Some human-rights activists told The Wall Street Journal that they were concerned the U.N. pushed back publication of the report to accommodate China’s hosting of the Winter Olympics in February and to ensure a trip by Ms. Bachelet could take place.
A spokeswoman for the Office of the U.N. High Commissioner for Human Rights declined to comment.
Outside a Xinjiang detention center last year.
[Mark Schiefelbein/Associated Press]
“There’s an awful lot of deference to Beijing, and it’s not clear why,” said Human Rights Watch’s China director, Sophie Richardson.
Delaying the release of the Xinjiang report amounts to a failure by Ms. Bachelet to fulfill her mandate to investigate and seek redress for China’s human-rights violations, Ms. Richardson said, adding, “That’s the job.”
Ms. Richardson and other human-rights activists have urged the U.N. to move forward on its report regardless of the possibility and timing of on-the-ground access in Xinjiang, which they argue would be highly restricted by Chinese authorities.
Ms. Bachelet said her team’s visit would be subject to China’s Covid-19 restrictions. A quarantine period of up to three weeks is in place for all travelers to China.

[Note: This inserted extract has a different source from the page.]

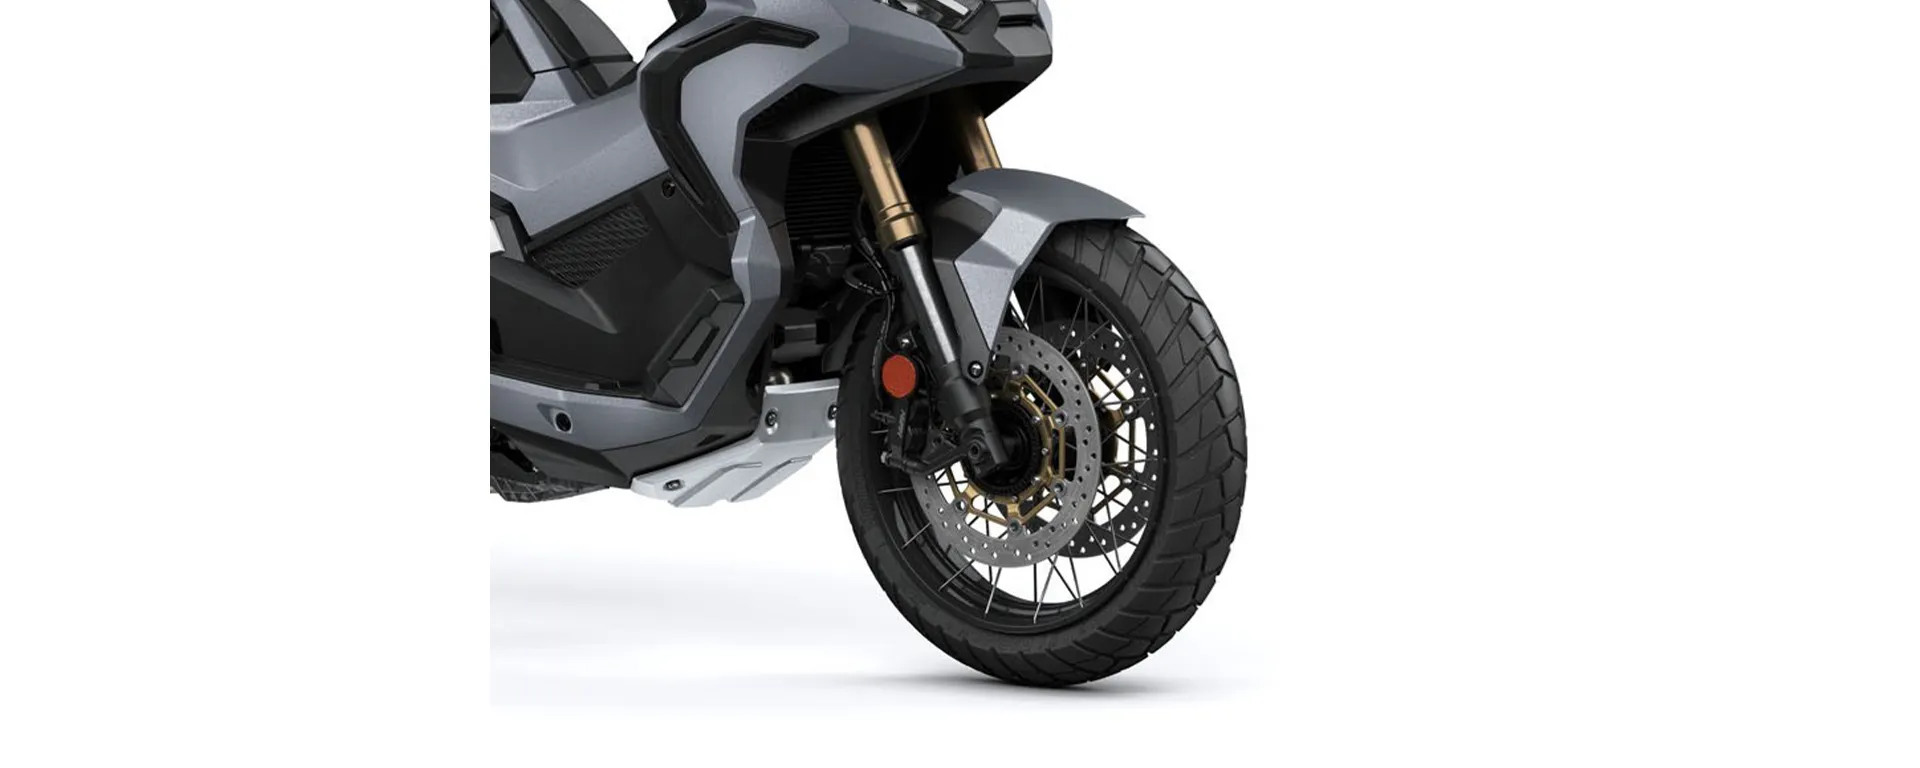 Pneus e Rodas raiadas da Moto Honda X-ADV Cinza Fosco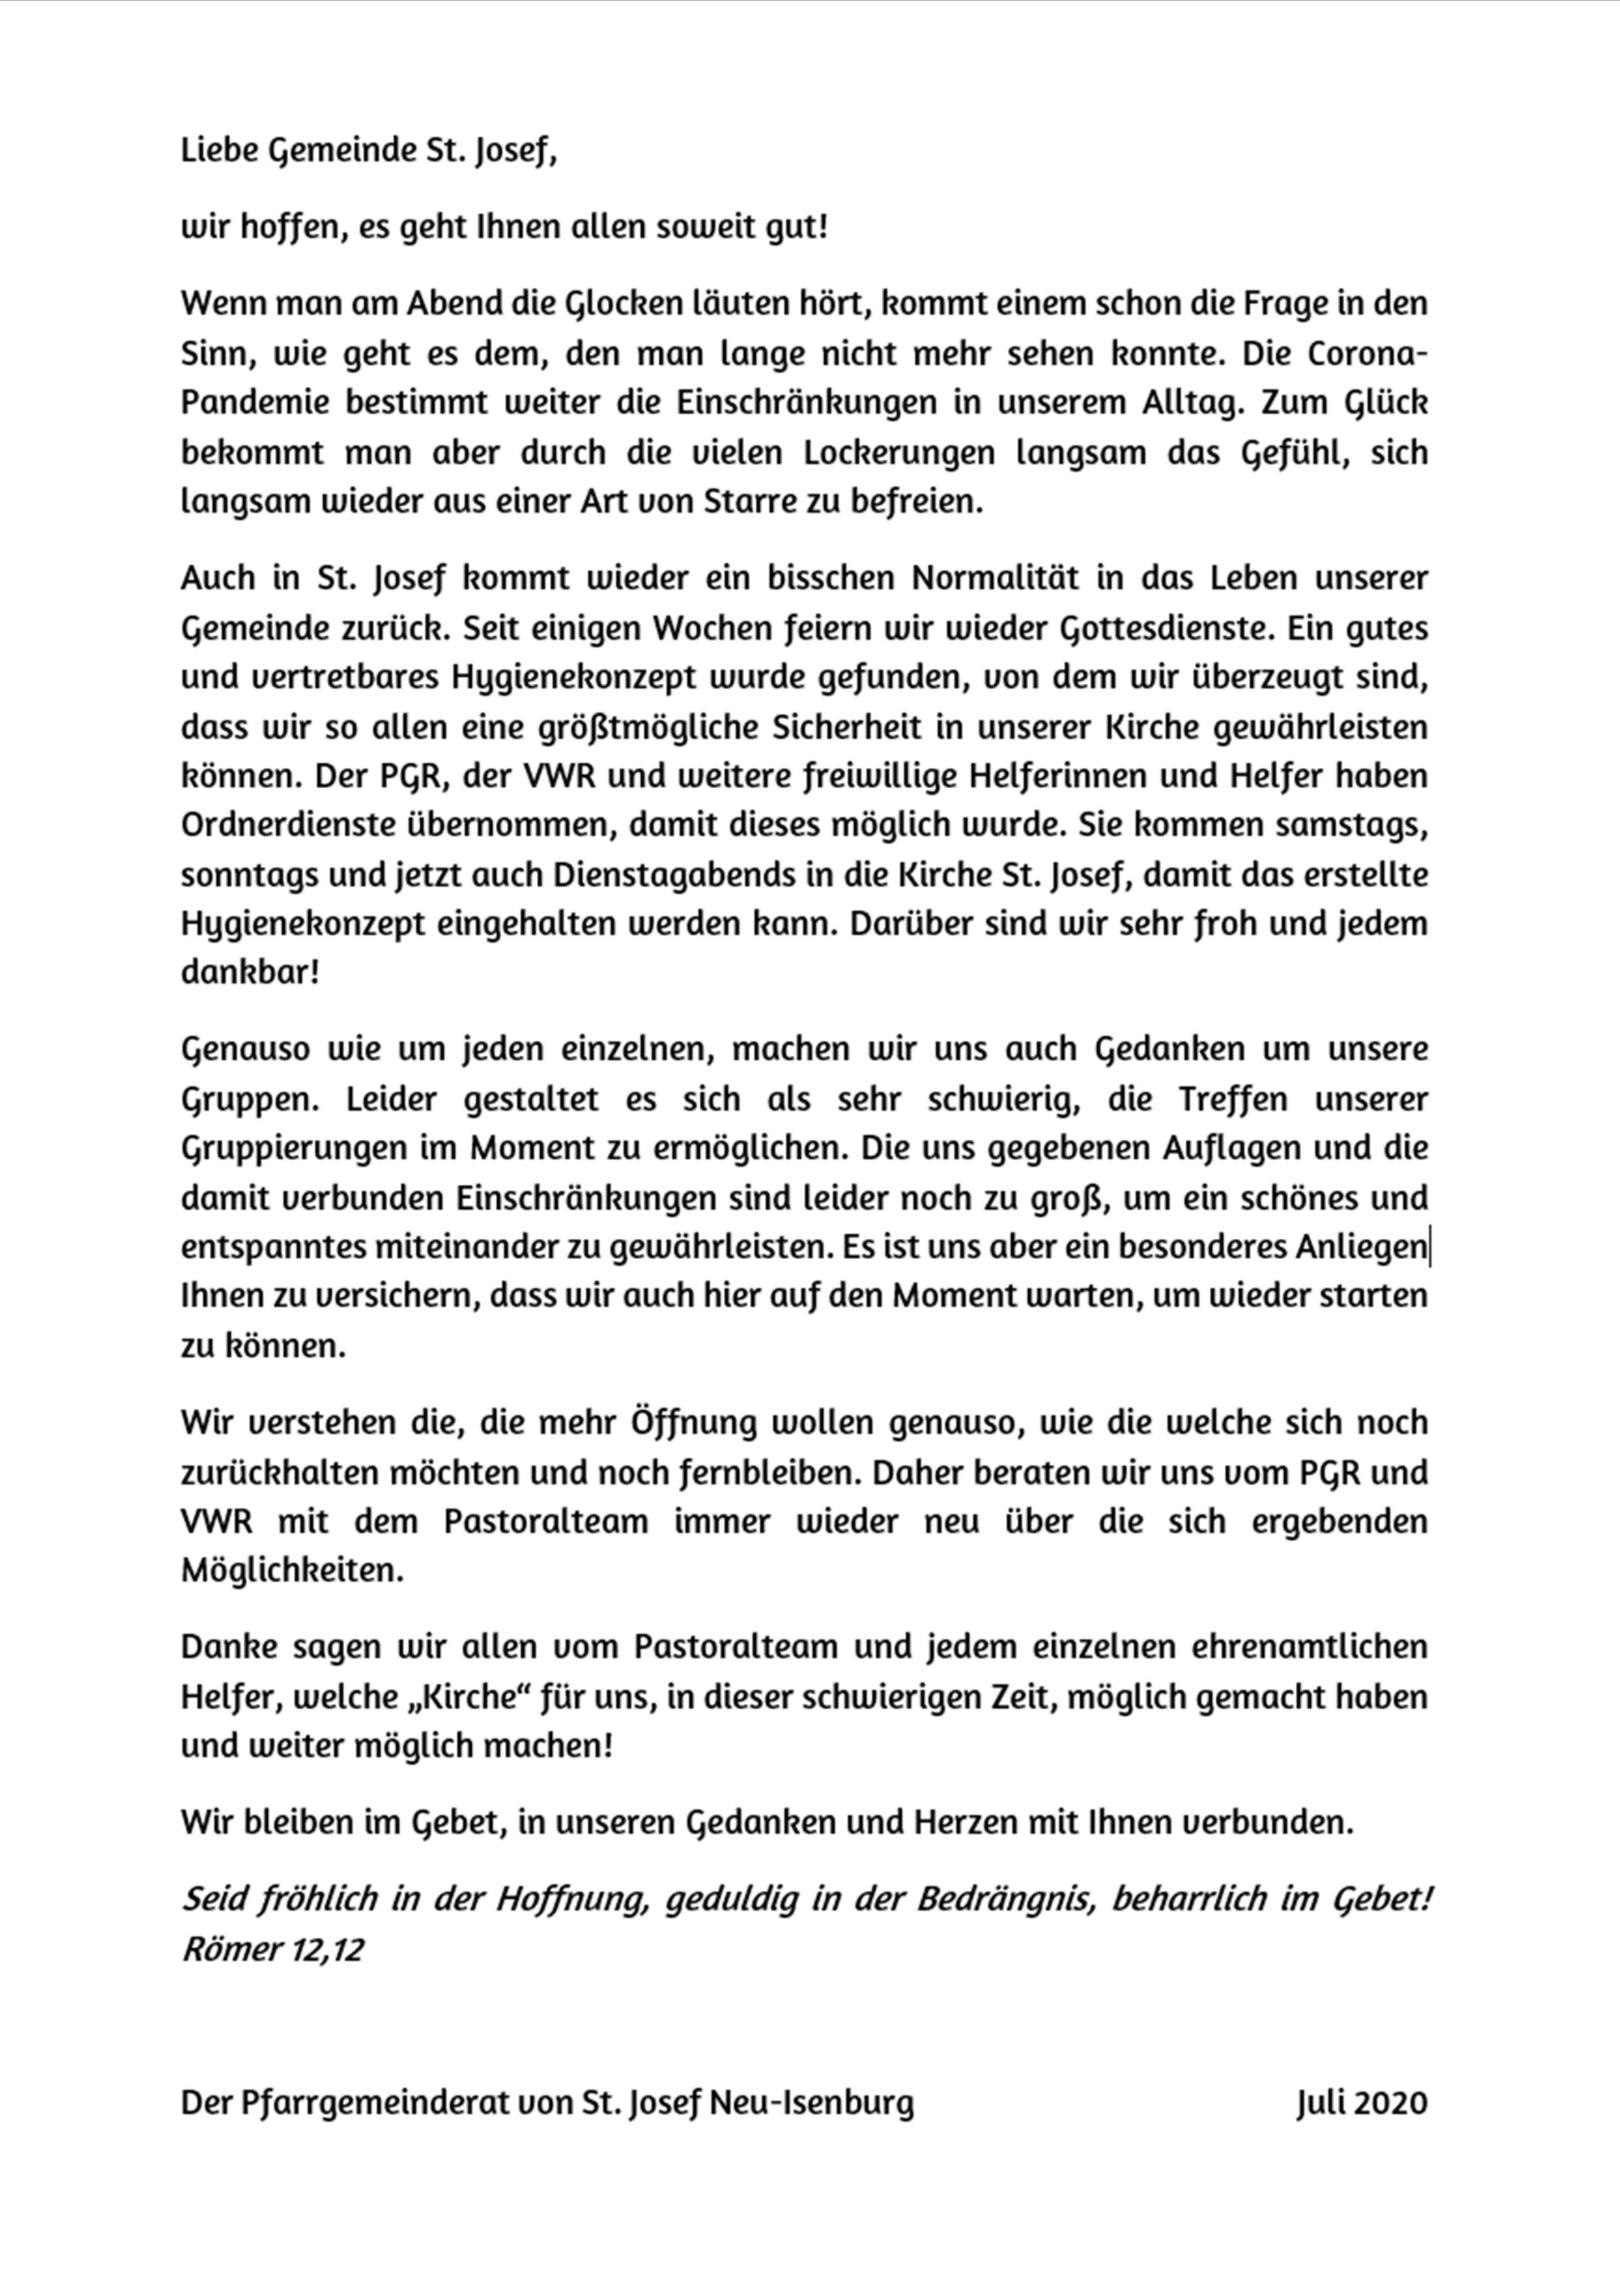 PGR Brief an Gemeinde (c) PGR St. Josef

The last time a high-level U.N. team visited Xinjiang to investigate human-rights conditions was in 2005, when Manfred Nowak, then the special rapporteur on torture for the U.N. Commission on Human Rights, was allowed to visit China on a fact-finding mission. Approval for Mr. Nowak’s trip came a decade after the U.N.’s initial request to the Chinese government.
Chinese state-security and public-security officials attempted to obstruct his work and frequently surveilled the team at their hotel, the U.N. reported in a summary of his two-week visit. Chinese officers intimidated a number of alleged victims and family members and told them not to speak with Mr. Nowak, the summary said.
Peter Irwin, a senior program officer for the Uyghur Human Rights Project, said Ms. Bachelet’s visit would face similar challenges.
“The Uyghurs there cannot speak openly, cannot speak publicly because they are so scared of retaliation by local authorities who were watching very closely,” he said.